Иногда мне с моим младшим братом Гуру разрешалось посещать вечернюю школу. Так мне удалось изучить хотя бы непальский алфавит и цифры. В настоящую школу, которая работала днем, я никогда не ходила. Тогда я думала, что дети тхару вообще не имеют права ходить в школу вместе с другими детьми и что им разрешается заходить в здание школы только вечером.
Мои старшие братья и сестры, мои отец и мать никогда не ходили в школу. Для этого мои родители и мои дедушка с бабушкой были слишком бедными. Зачастую у нас не хватало денег даже на самые необходимые вещи. Мы, одиннадцать человек, жили в маленькой глиняной хижине: мои родители, мои братья, их жены, их дети и я. Поэтому моя мать посылала меня как можно чаще к моей сестре Сарде. Обе мои старшие сестры очень рано вышли замуж и сейчас жили в семьях своих мужей, как это принято у нас.
Манпур расположен на южной окраине Непала, в Тераи, широкой плодородной низине вблизи индийской границы. Белые вершины Гималаев находятся далеко отсюда. За деревней приток реки Рапти проложил свое глубокое русло в песке. Регулярно во время сезона дождей река смывает и уносит урожай и хижины, разместившиеся вблизи ее берегов. По другую сторону реки начинаются джунгли, густые, темно-зеленые, а холмы, которые поднимаются за джунглями, уже относятся к территории Индии. Во времена моего детства очень редко какой- нибудь джип по ошибке заезжал в Манпур, да и мопедов здесь было мало. В деревне был всего лишь один-единственный кирпичный дом, все остальные были сложены из глины, как и хижина моих родителей.

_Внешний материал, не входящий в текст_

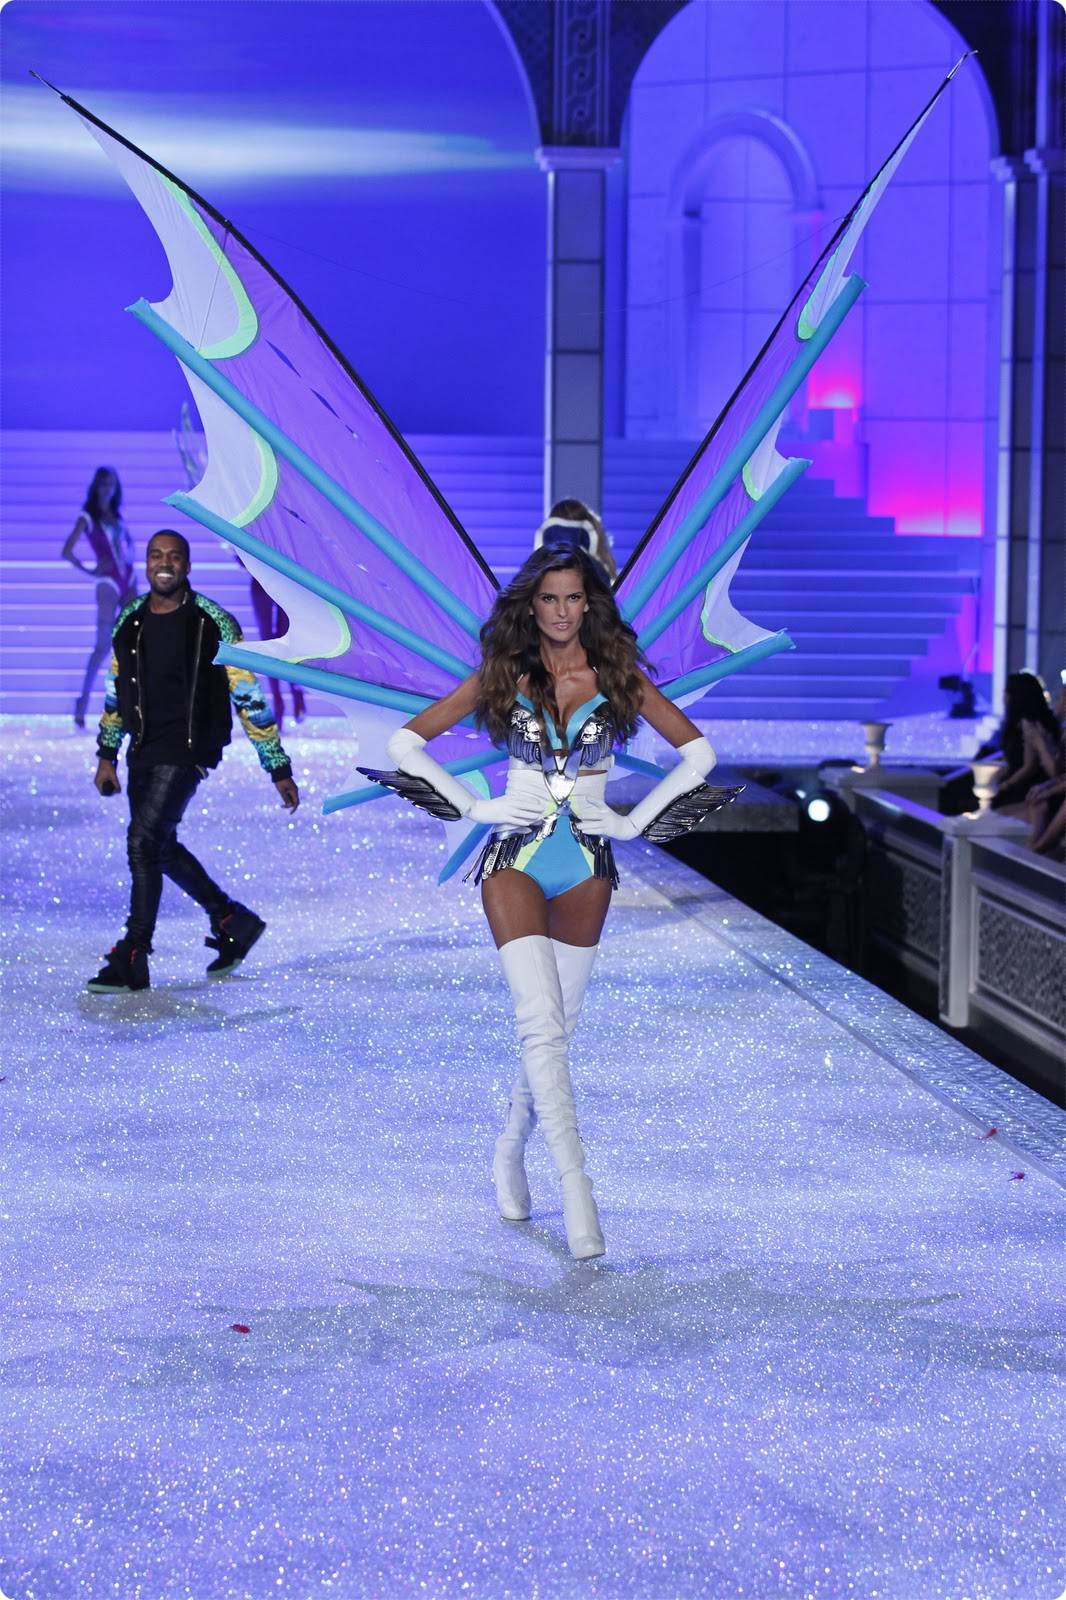 http://4.bp.blogspot.com/-zNDAVzgxaeg/TxuT_-y-pLI/AAAAAAAAARI/WWXU76vru0c/s1600/fashion-show-runway-2011-izabel-super-angels-victorias-secret-hi-resuperangels-horz.jpg

Жизнь в Манпуре до сих пор определяется временами года и временем сбора урожая. С конца июня по сентябрь у нас баркха — сезон дождей, а месяцы перед сезоном дождей очень жаркие и пыльные. Тогда над страной носится красный песок и толстым слоем покрывает наши поля, кусты, деревья и дороги. Он проникает сквозь любую щель, попадает в глаза, уши, нос и рот. Он всюду. Жара стоит просто невыносимая, люди и животные используют каждый клочок тени и в обеденное время отдыхают, потому что воздух в долине колышется, как будто он жидкий.
Когда затем наконец наступает сезон дождей, реки становятся бурными потоками, а дороги превращаются сплошь в ямы с грязью. Почти каждый год бывают наводнения и оползни. Вода прорывает дамбы и уносит хижины, уничтожает и урожай. Люди пытаются защищаться, как только могут. Они накрывают пленкой соломенные крыши своих домов, закутываются в полиэтиленовые или джутовые мешки, когда работают в поле или находятся в дороге.
Я помню, как, будучи еще маленьким ребенком, вынуждена была спать в хижине под прохудившимся серым зонтиком, потому что крыша была дырявой и в комнату попадал дождь. Везде в доме моя мать и другие женщины устанавливали большие железные или глиняные горшки, чтобы собирать дождевую воду. Звонкий металлический или глухой звук капель, падающих в эти горшки, убаюкивал нас перед сном.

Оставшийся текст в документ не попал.